X_train, X_test, y_train, y_test = train_test_split(X, ys, test_size=0.2, random_state=42, stratify=ys)

model = LogisticRegression(max_iter=1000)
model.fit(X_train, y_train)

print("Train accuracy:", accuracy_score(y_train, model.predict(X_train)))
print("Test  accuracy:", accuracy_score(y_test,  model.predict(X_test)))

ConfusionMatrixDisplay.from_estimator(model, X_test, y_test, display_labels=['neg','pos'])


### Visualising tweet distribution & decision boundary

In [None]:
import matplotlib.pyplot as plt

np.random.seed(0)
sample_idx = np.random.choice(len(X), 2000, replace=False)
X_s = X[sample_idx]; y_s = ys[sample_idx]

plt.figure(figsize=(6,6))
for label, marker, col in [(1,'o','limegreen'), (0,'x','crimson')]:
    mask = y_s==label
    plt.scatter(X_s[mask,0], X_s[mask,1], marker=marker, color=col, label='pos' if label else 'neg', alpha=0.5)

coef = model.coef_[0]; intercept=model.intercept_[0]
xs = np.linspace(0, X[:,0].max()+2, 100)
ys_line = -(coef[0]*xs + intercept)/coef[1]
plt.plot(xs, ys_line, '--k', linewidth=2)

plt.xlabel('Positive word count'); plt.ylabel('Negative word count')
plt.title('Tweet sentiment space')
plt.legend(loc='upper right')
plt.xlim(0, X[:,0].max()+1); plt.ylim(0, X[:,1].max()+1)
plt.show()


**Interpretation tips**

* Many tweets contain *no* positive words (x=0) or negative words (y=0); that’s why points hug the axes.  
* Adding richer features (bigrams, TF‑IDF) can separate overlapping clusters.
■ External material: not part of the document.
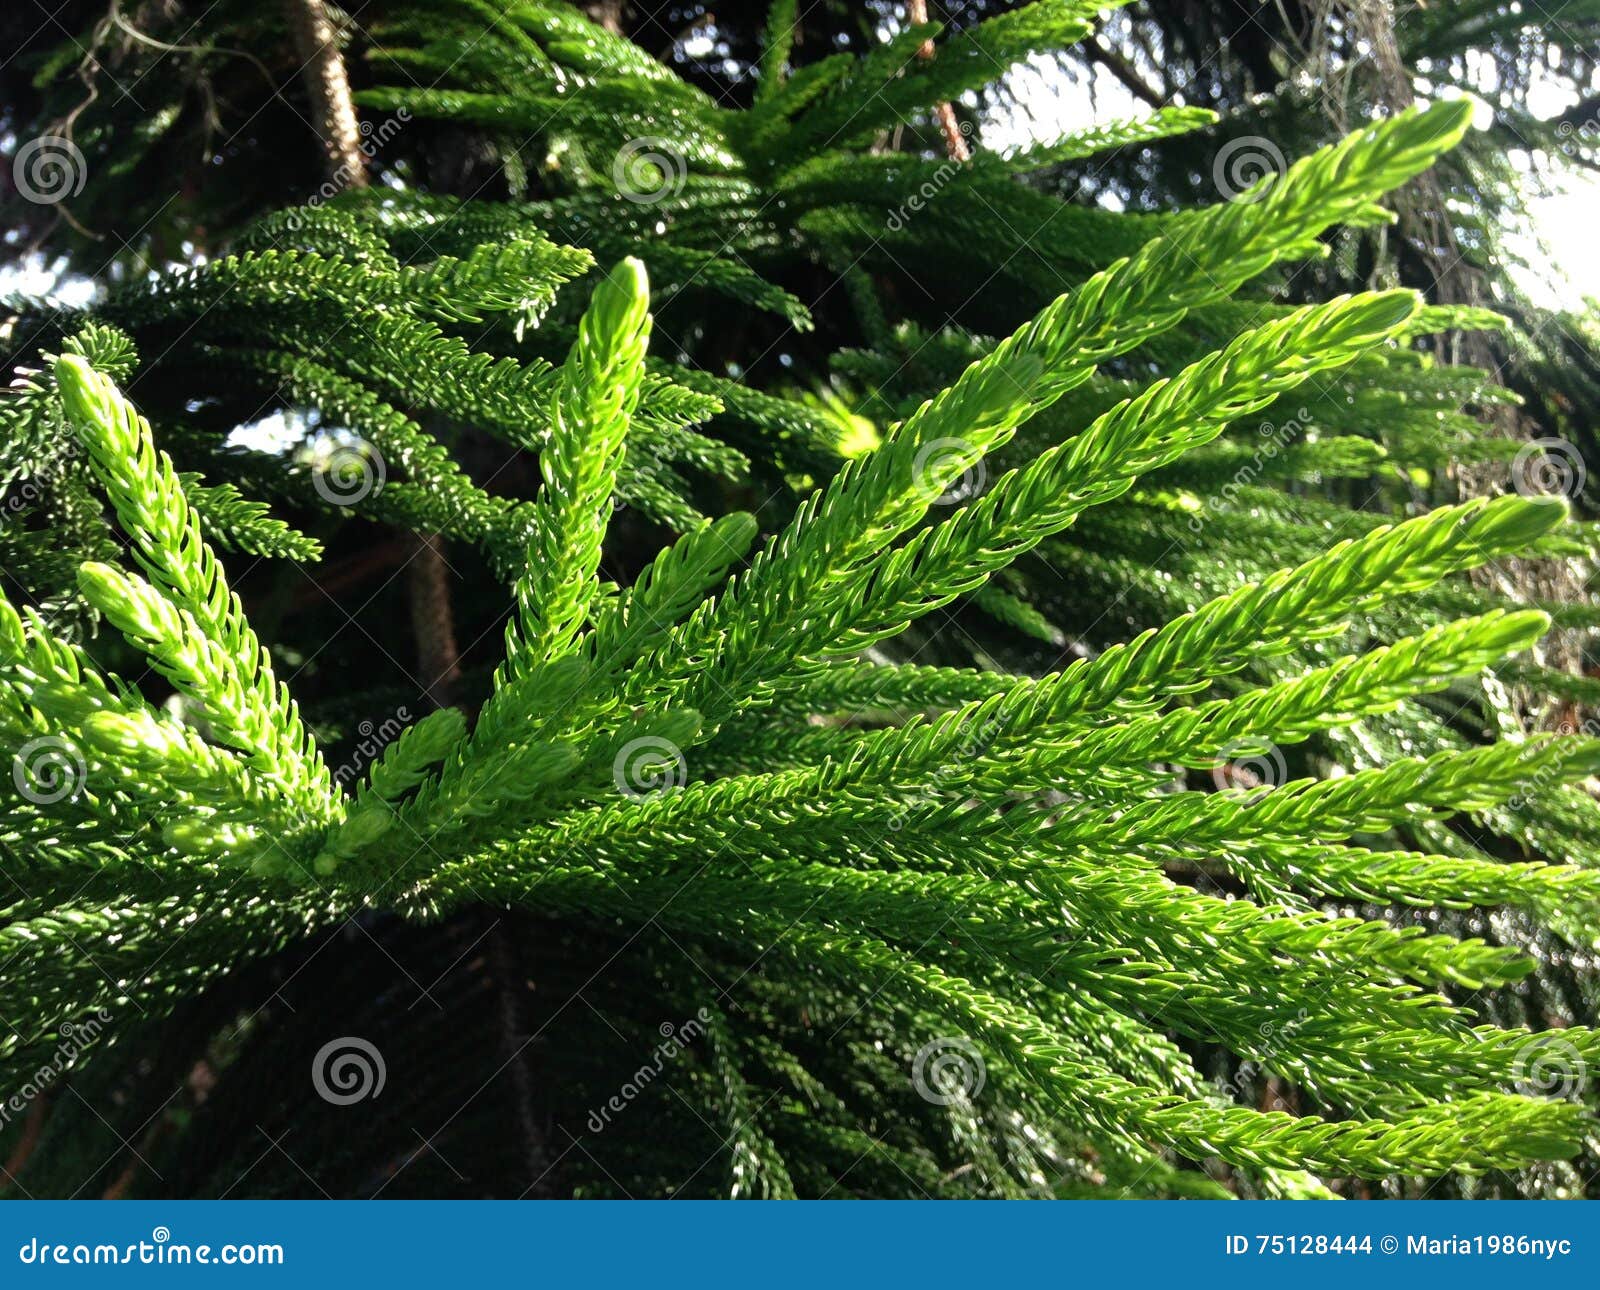 Araucaria Heterophylla Norfolk Island Pine Star Pine Triangle Tree Or Living Christmas Tree Growing In Florida Stock Photo Image Of Florida Branch

## 4️⃣ Interactive Gradio sentiment tester

In [None]:
import gradio as gr
from collections import Counter

def predict_sentiment(text):
    feats = tweet_to_xy(text, pos_vocab, neg_vocab)
    prob_pos = float(model.predict_proba([feats])[0][1])
    label = "Positive 😊" if prob_pos >= 0.5 else "Negative 😞"
    return {
        "Positive-count": int(feats[0]),
        "Negative-count": int(feats[1]),
        "Prob‑positive": round(prob_pos, 3),
        "Prediction": label
    }

with gr.Blocks() as demo:
    gr.Markdown("### 🎛️ Sentiment tester (Logistic Regression)")
    txt = gr.Textbox(label="Enter tweet text", lines=3)
    out = gr.JSON(label="Model output")
    txt.submit(predict_sentiment, txt, out)
    gr.Button("Run").click(predict_sentiment, txt, out)

# Uncomment the next line when running in Colab
# demo.launch()


---

🎉 **You trained, visualised, and deployed a sentiment classifier!**  
Try tweaking the vocabulary threshold, adding TF‑IDF, or swapping in a different model to see how performance changes.